DenseNet in Chainer (caffemodel) CuDNN error #4426

ilkarman · 2018-03-03T20:25:34Z

I haven't been able to find a native DenseNet implementation in Chainer so have used the caffemodel from shicai.

sym = caffe.CaffeFunction("DenseNet_121.caffemodel")
chainer.cuda.get_device(0).use()  # Make a specified GPU current
sym.to_gpu()  # Copy the model to the GPU
print(list(sym.layers)[-1])
# ('fc6', ['pool5'], ['fc6'])
dta = fake_input_data_cf[:8]
pred = sym(inputs={'data':cuda.to_gpu(dta)}, outputs=['fc6'])

However I get an error saying that cuDNN does like batch-norm with eps < 1e-5 but it doesn't appear to be in the model's protobuf, e.g.:


layer {
  name: "conv1/bn"
  type: "BatchNorm"
  bottom: "conv1"
  top: "conv1/bn"
  batch_norm_param {
    eps: 1e-5
  }
}

RuntimeError Traceback (most recent call last)
in ()
1 dta = fake_input_data_cf[:8]
----> 2 pred = sym(inputs={'data':dta}, outputs=['fc6'])

/anaconda/envs/py35/lib/python3.5/site-packages/chainer/links/caffe/caffe_function.py in call(self, inputs, outputs, disable, **kwargs)
218 func = self.forwards[func_name]
219 input_vars = tuple(variables[blob] for blob in bottom)
--> 220 output_vars = func(*input_vars)
221 if not isinstance(output_vars, collections.Iterable):
222 output_vars = output_vars,

/anaconda/envs/py35/lib/python3.5/site-packages/chainer/links/caffe/caffe_function.py in call(self, x)
567
568 def call(self, x):
--> 569 return self.func(x, *self.args, **self.kwargs)
570
571

/anaconda/envs/py35/lib/python3.5/site-packages/chainer/links/caffe/caffe_function.py in call(self, *xs, **kwargs)
606
607 def call(self, *xs, **kwargs):
--> 608 return self.caffe_func[self.name](*xs, **kwargs)
609
610

/anaconda/envs/py35/lib/python3.5/site-packages/chainer/links/normalization/batch_normalization.py in call(self, x, **kwargs)
142 ret = functions.batch_normalization(
143 x, gamma, beta, eps=self.eps, running_mean=self.avg_mean,
--> 144 running_var=self.avg_var, decay=decay)
145 else:
146 # Use running average statistics or fine-tuned statistics.

/anaconda/envs/py35/lib/python3.5/site-packages/chainer/functions/normalization/batch_normalization.py in batch_normalization(x, gamma, beta, **kwargs)
527 ('running_var', None), ('decay', 0.9))
528
--> 529 return BatchNormalization(eps, running_mean, running_var, decay).apply(
530 (x, gamma, beta))[0]
531

/anaconda/envs/py35/lib/python3.5/site-packages/chainer/functions/normalization/batch_normalization.py in init(self, eps, mean, var, decay)
30 if eps < 1e-5:
31 msg = 'cuDNN does not allow an eps value less than 1e-5.'
---> 32 raise RuntimeError(msg)
33 self.decay = decay
34

RuntimeError: cuDNN does not allow an eps value less than 1e-5.

My details are:

OS: linux
Python: 3.5.2 |Anaconda custom (64-bit)| (default, Jul 2 2016, 17:53:06)
[GCC 4.4.7 20120313 (Red Hat 4.4.7-1)]
Chainer: 3.4.0
CuPy: 2.4.0
Numpy: 1.14.1
GPU: ['Tesla P100-PCIE-16GB', 'Tesla P100-PCIE-16GB']
CUDA Version 8.0.61
CuDNN Version 6.0.21

It seems it's being imported incorrectly.

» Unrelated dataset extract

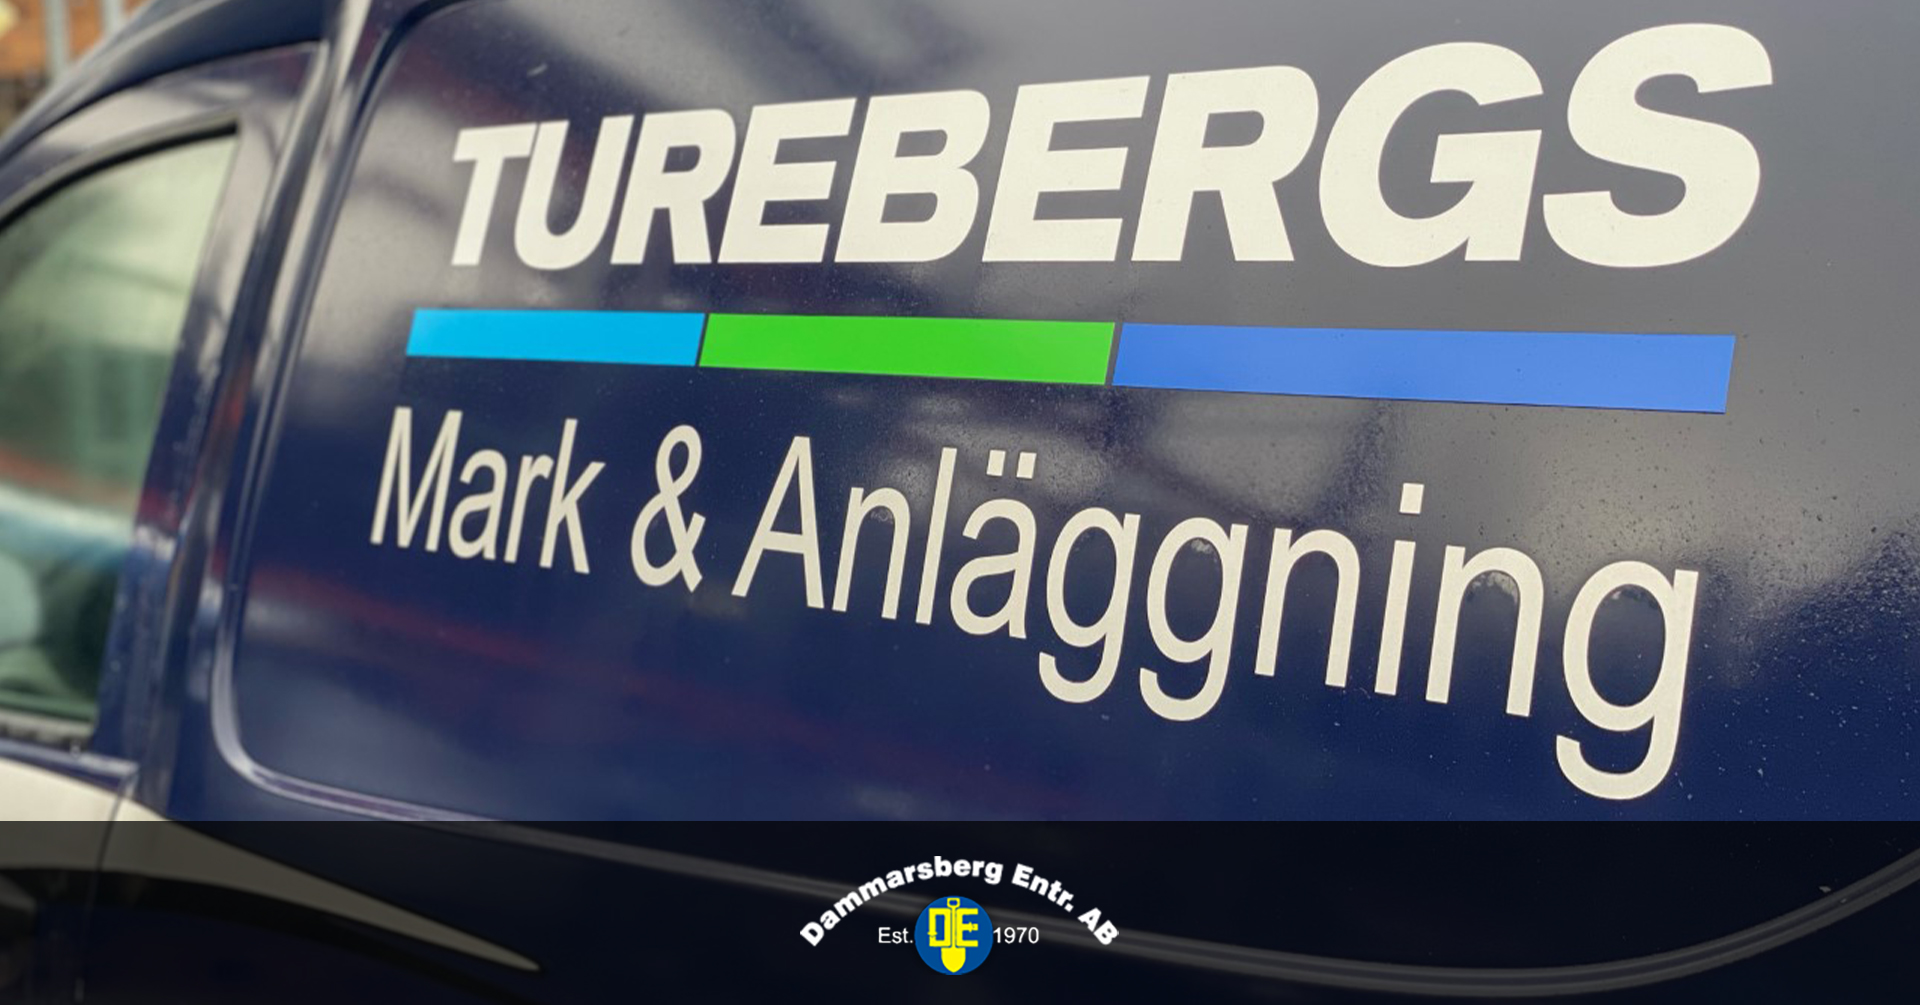 Förvärv av Turebergs Mark & Anläggning AB

Are there plans to add native Chainer pretrained densenet? I would use ONNX but unfortunately import to Chainer is not supported officially. Perhaps unofficially? #

The text was updated successfully, but these errors were encountered:

ilkarman · 2018-03-03T23:48:34Z

If I manually truncate the bn layers:

for layer in list(sym._children):
    if "bn" in layer:
        print(layer)
        if sym.__dict__[layer].eps < 1e-5:
            sym.__dict__[layer].eps = 1e-5
            print('truncated')

I seem to get a completely different error:

CuDNNError Traceback (most recent call last)
in ()
----> 1 out = predict_fn(sym, fake_input_data_cf, 4)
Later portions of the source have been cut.